Our aim in this study was to evaluate the potential influence of PM air pollution on the clinical course of SLE. We have focused on the effects of variations in levels of fine ambient PM with median aerodynamic diameter ≤ 2.5 μm (PM2.5). The main sources of PM2.5 in the region of the study include road-vehicle emissions and industrial emissions. Such small particles enter the body through airways and can affect immune system pathways (U.S. EPA 2004).

Materials and Methods

Subjects and overview of health assessments

We studied subjects who were followed in a clinical registry at the Lupus Clinic of the McGill University Health Centre (MUHC). All patients in this registry cohort fulfilled the revised American College of Rheumatology (ACR) criteria for SLE (Hochberg 1997; Tan et al. 1982). Subjects in the cohort completed an annual evaluation that consisted of a review of symptoms, medications, physical findings, and laboratory testing. The data were used to construct validated measures of disease activity [SLE Disease Activity Index, version 2000 (SLEDAI-2K)] (Gladman et al. 2002) and damage [Systemic Lupus International Collaborating Clinics/ACR Damage Index (SLICC/ACR)] (Gladman et al. 2002). The SLEDAI-2K is a “weighted” index that provides a measurement of disease activity of the organ systems in SLE over a 10-day period before the annual evaluation. The index includes central nervous system features, vascular involvement, kidney disease, musculoskeletal disease, dermatological features, serosal involvement, immune system activity, hematological features, and constitutional symptoms (see Appendix). Theoretically, patients can score a maximum of 105, but in practice, scores greater than 45 are unusual. In the present study, we analyzed data collected on patients who resided on the island of Montreal (Quebec, Canada) and who were evaluated from January 2000 through September 2007. All subjects consented to be included in the registry, and studies were conducted under ethical approval from the MUHC.

Appendix 1.

SLEDAI-2K data collection sheet. (Check weight in SLEDAI-2K score column if descriptor is present at the time of the visit or in the preceding 10 days.)
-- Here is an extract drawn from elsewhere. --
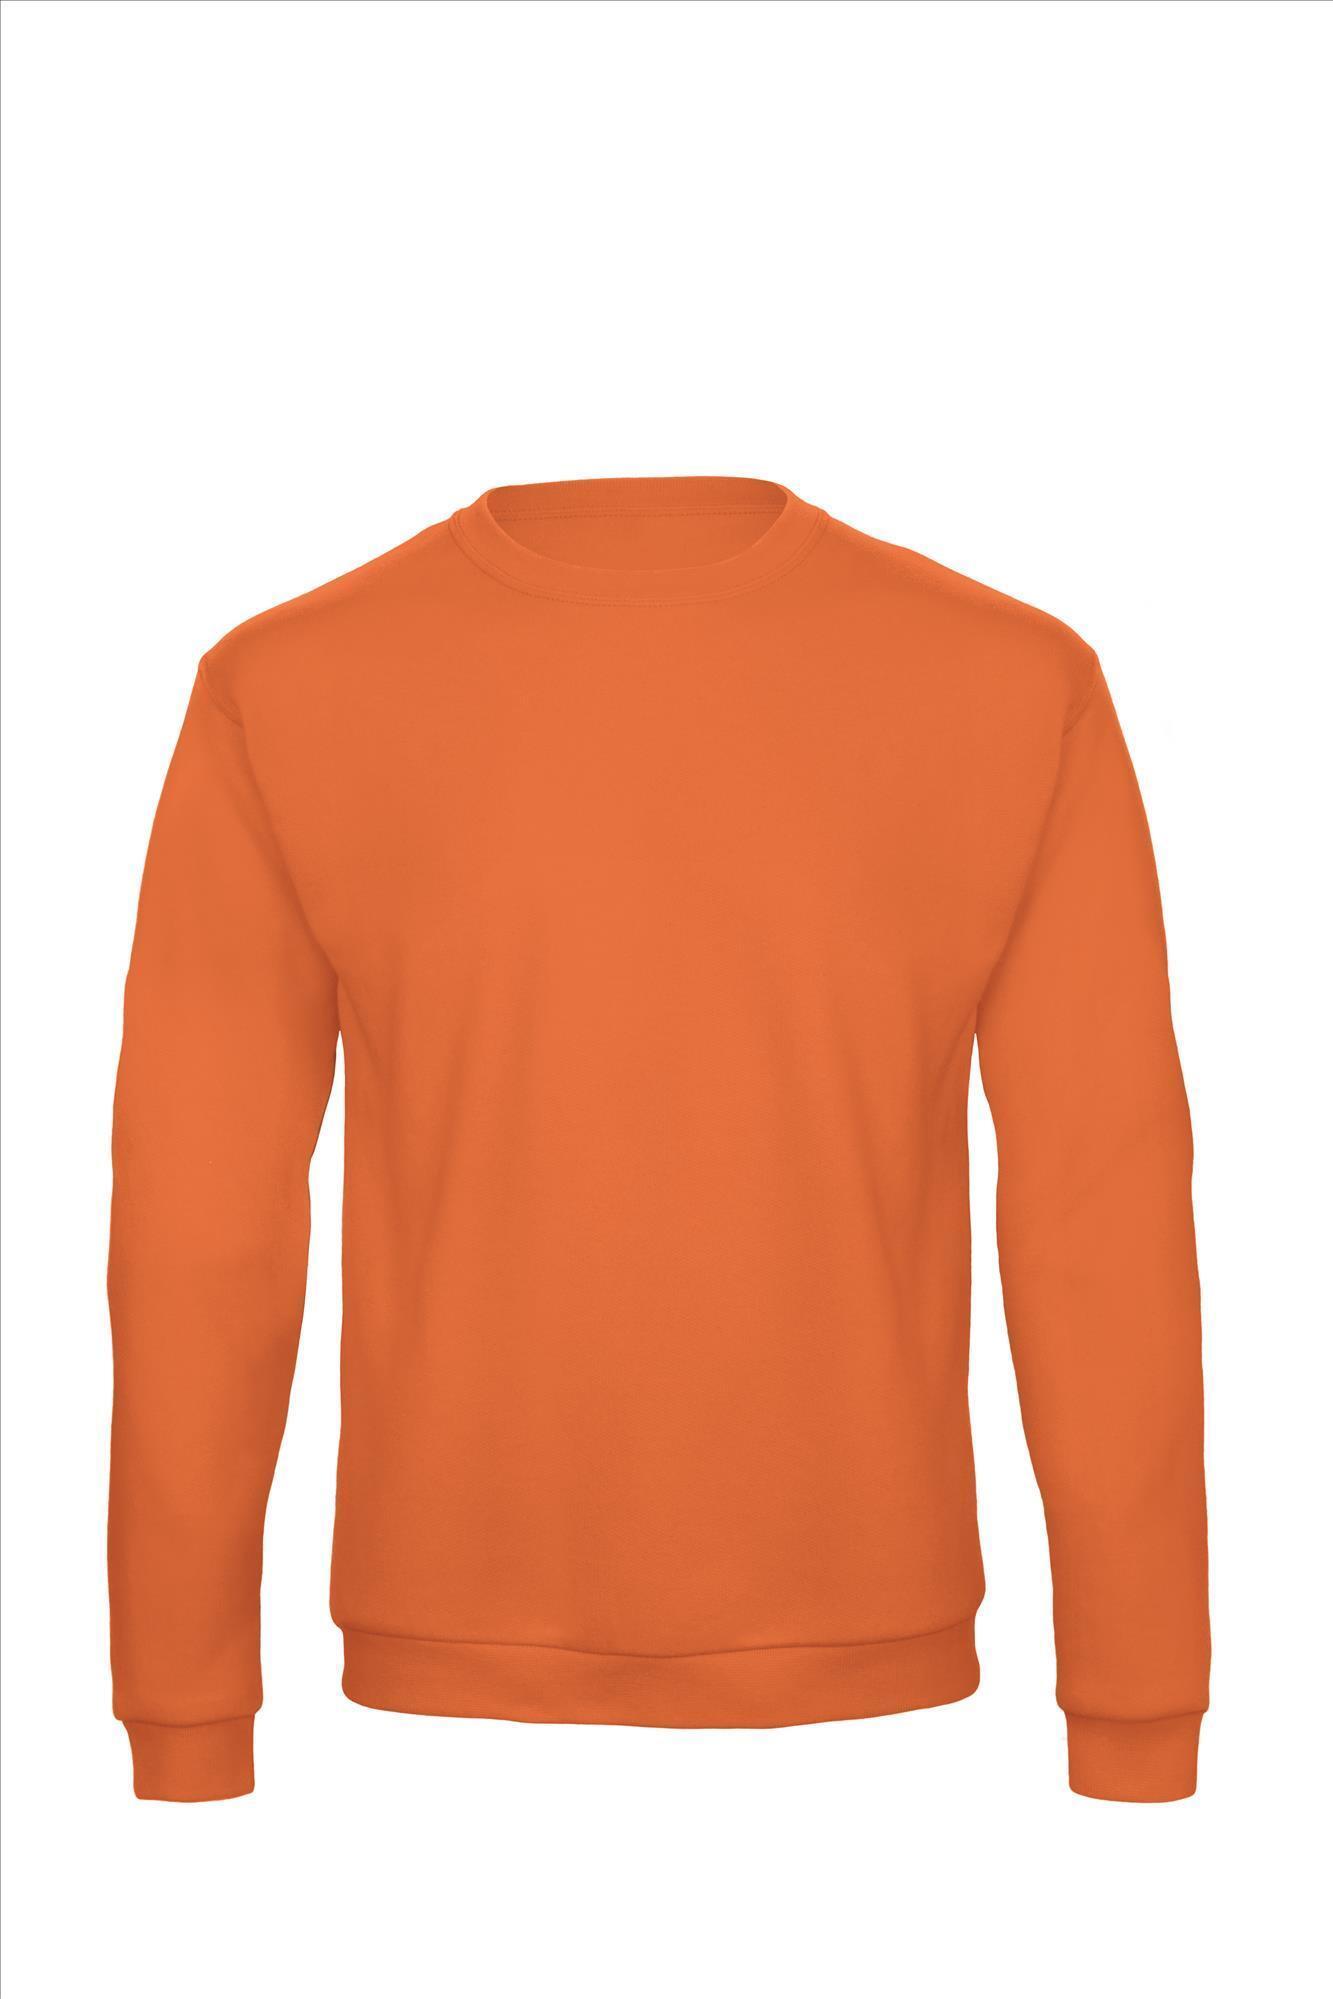 Sweater voor mannen budget oranje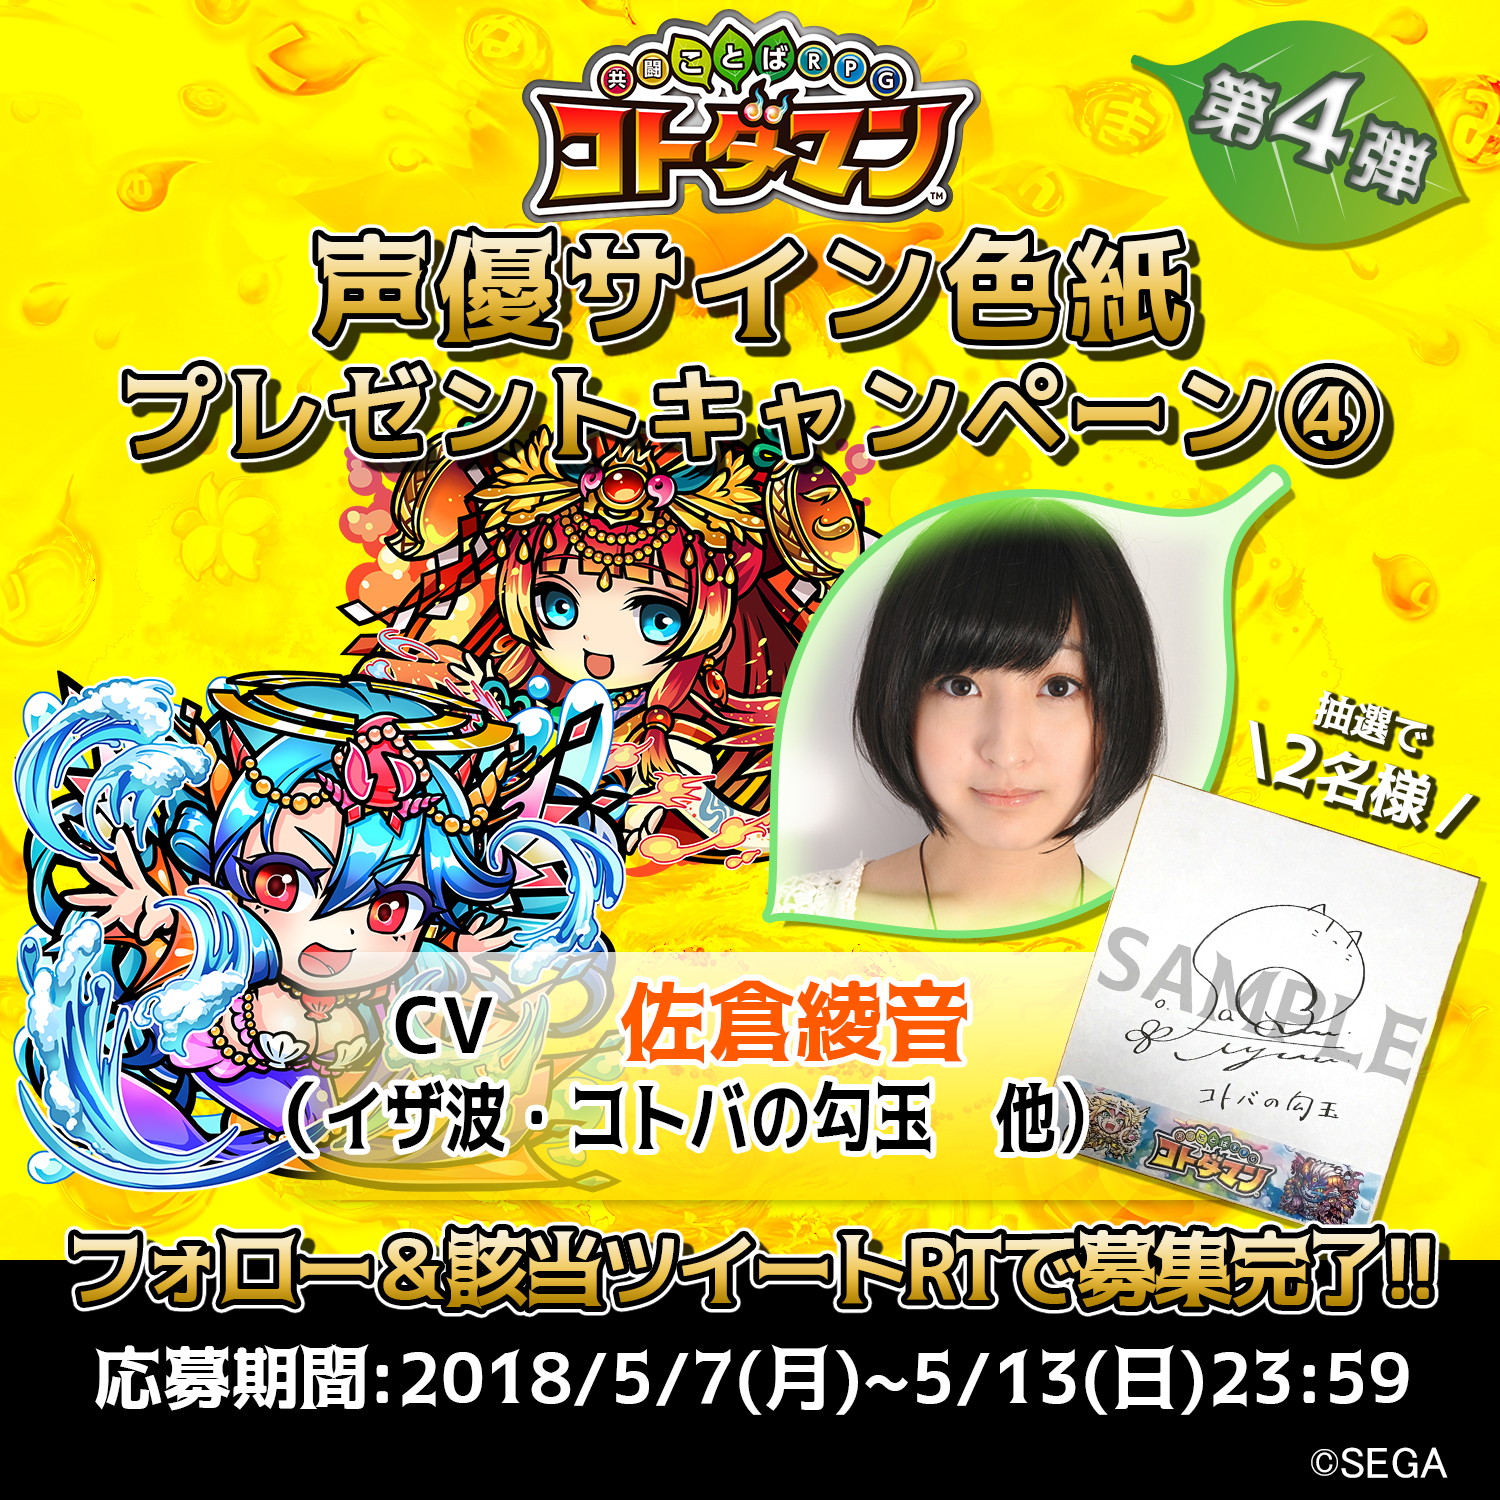 『共闘ことば RPG コトダマン』佐倉綾音サイン色紙が当たるキャンペーン開催

Weight (check) Descriptor Definition
8 ❑ Seizure Recent onset, exclude metabolic, infectious, or drug causes.
8 ❑ Psychosis Altered ability to function in normal activity due to severe disturbance in the perception of reality. Include hallucinations, incoherence, marked loose associations, impoverished thought content, marked illogical thinking, bizarre, disorganized, or catatonic behavior. Exclude uremia and drug causes.
8 ❑ Organic brain syndrome Altered mental function with impaired orientation, memory, or other intellectual function, with rapid onset and fluctuating clinical features, inability to sustain attention to environment, plus at least two of the following: perceptual disturbance, incoherent speech, insomnia or daytime drowsiness, or increased or decreased psychomotor activity. Exclude metabolic, infectious, or drug causes.
8 ❑ Visual disturbance Retinal changes of SLE. Include cytoid bodies, retinal hemorrhages, serous exudates or hemorrhages in the choroids, or optic neuritis. Exclude hypertension, infection, or drug causes.
8 ❑ Cranial nerve disorder New onset of sensory or motor neuropathy involving cranial nerves.
8 ❑ Lupus headache Severe, persistent headache; may be migrainous but must be nonresponsive to narcotic analgesia.
8 ❑ Cerebrovascular accident New onset of cerebrovascular accident(s); exclude arteriosclerosis.
8 ❑ Vasculitis Ulceration, gangrene, tender finger nodules, periungual infarction, splinter hemorrhages, or biopsy or angiogram proof of vasculitis.
4 ❑ Arthritis Two or more joints with pain and signs of inflammation (i.e., tenderness, swelling, or effusion).
4 ❑ Myositis Proximal muscle aching/weakness, associated with elevated creatine phosphokinase/aldolase or electromyogram changes or a biopsy showing myositis.
4 ❑ Urinary casts Heme granular or red blood cell casts.
4 ❑ Hematuria More than five red blood cells/high power field; exclude stone, infection, or other cause.
4 ❑ Proteinuria > 0.5 g/24 hr.
4 ❑ Pyuria More than five white blood cells/high power field; exclude infection.
2 ❑ Rash Inflammatory type rash.
2 ❑ Alopecia Abnormal, patchy, or diffuse loss of hair.
2 ❑ Mucosal ulcers Oral or nasal ulcerations.
2 ❑ Pleurisy Pleuritic chest pain with pleural rub or effusion or pleural thickening.
2 ❑ Pericarditis Pericardial pain with at least one of the following: rub, effusion, or electrocardiogram or echocardiogram confirmation.
2 ❑ Low complement Decrease in the complement proteins C3 and C4 or in total complement activity (CH50), below the lower limit of normal for testing laboratory.
2 ❑ Increased DNA binding Increased DNA binding by Farr assay above normal range for testing laboratory.
1 ❑ Fever > 38°C; exclude infectious cause.
1 ❑ Thrombocytopenia < 100,000 platelets/×109/L; exclude drug causes.
1 ❑ Leukopenia < 3,000 white blood cells/×109/L; exclude drug causes.

Total score

Reproduced with permission from Gladman et al. (2002).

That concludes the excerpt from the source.